Çalışmanın yöntemi hakkında bilgiler veren Araş. Gör. Hüseyin Aksoy ise, Yörüklerin nasıl göç ettiğini görmek, göç sırasında nelerin yaşandığını bilmek, kullandıkları malzemeleri tanımak ve hayata bakışlarını tespit etmek için onlarla uzun süre birlikte yaşadıklarını anlattı. Kültürel yapıları yerinde gözlemleyerek verileri kaydettiklerini belirten Aksoy, “Kaydedilen verileri, yazılı kaynaklarla destekleyerek aynı kültürel yapının tarihsel dönemde ne şekilde yer aldığını incelemeye çalıştık.” dedi.

Sarıkeçililerin kimliklerine ilişkin ayrıntıları aktaran Aksoy; köklerinin Oğuzlara dayandığını ve bugün Anadolu’da hayat süren bir topluluk olarak tanımlandığını söyledi. Hüseyin Aksoy,  Yörüklerin keçi ve develerine uygun iklim koşulları ile otlaklara ihtiyaçları olduğu için göçmek zorunda kaldıklarının da altını çizdi. Aksoy, Sarıkeçili Yörüklerinin yerleşmede karşılaştıkları sorunlara da değinerek şu şekilde konuştu: “Hâlen göçer durumda olanların yerleşmede karşılaştıkları sorunlar oldukça karmaşık ve çok boyutludur. Kendi iç dinamikleriyle yerleşmeleri mümkün görünmüyor ancak, kendilerine ev, arazi ve hayvancılığı devam ettirebilmeleri için maddi destek verilmesi gibi uygun olanaklar sağlandığı takdirde, yerleşme eğiliminin öne çıkacağı anlaşılıyor.”

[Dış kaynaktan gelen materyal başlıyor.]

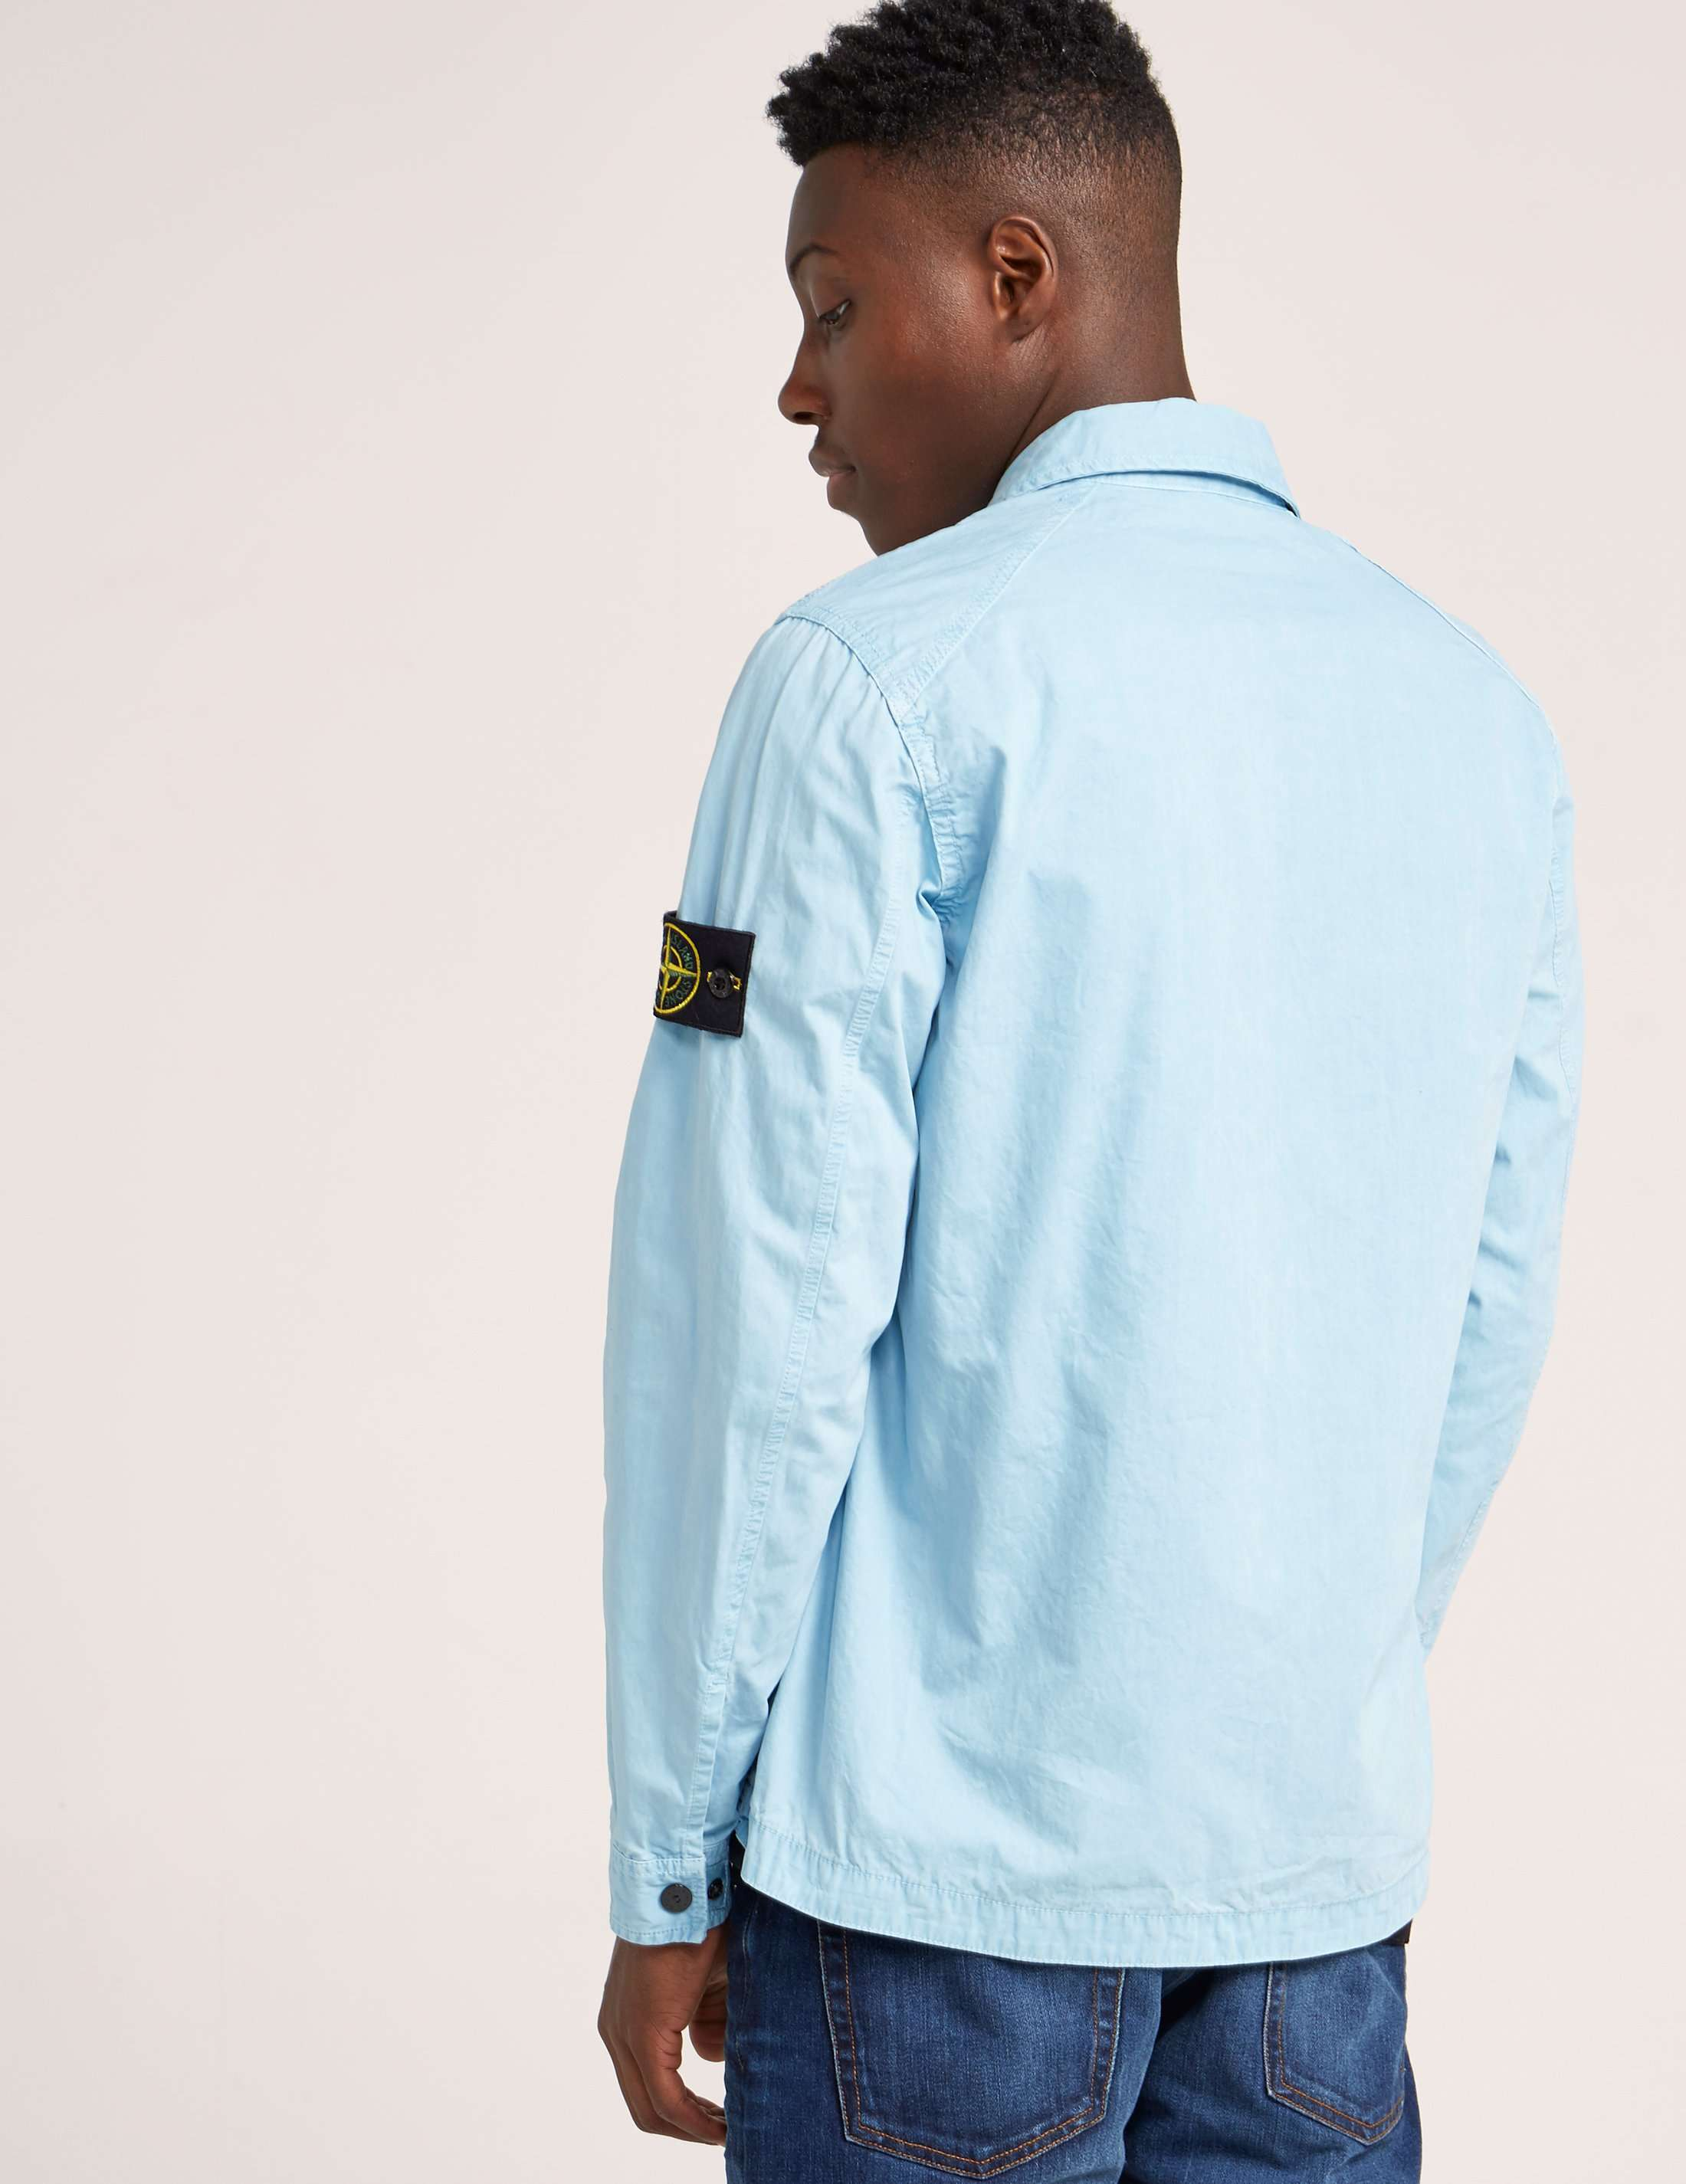 Stone Island Chest Pocket Overshirt

Proje danışmanı Yrd. Doç. Dr. İdris Nebi Uysal araştırmaları sırasında Sarıkeçililere özgü kültürel motifler hakkında edindikleri izlenimleri aktardı. Uysal, bu topluluğun hayvancılık dışında bir gelire sahip olmadıklarını ve ataerkil aile yapısında yaşamlarını sürdürdüklerini belirtti. Sarıkeçili Yörüklerinin tamamının hayatlarını çadırda geçirdiklerini ve yaşadıkları çadırı kendilerinin dokuduklarını ifade eden Uysal, “Yörükler dokuma tezgâhına önem verirler, bu işi usta-çırak ilişkisi ile kadınlar kız çocuklarına öğretirler.” diye konuştu.

Yrd. Doç. Dr. İdris Nebi Uysal: ”Sarıkeçililerin Ağız Özellikleriyle İlgili Ayrı Çalışma Yapmayı Düşünüyoruz”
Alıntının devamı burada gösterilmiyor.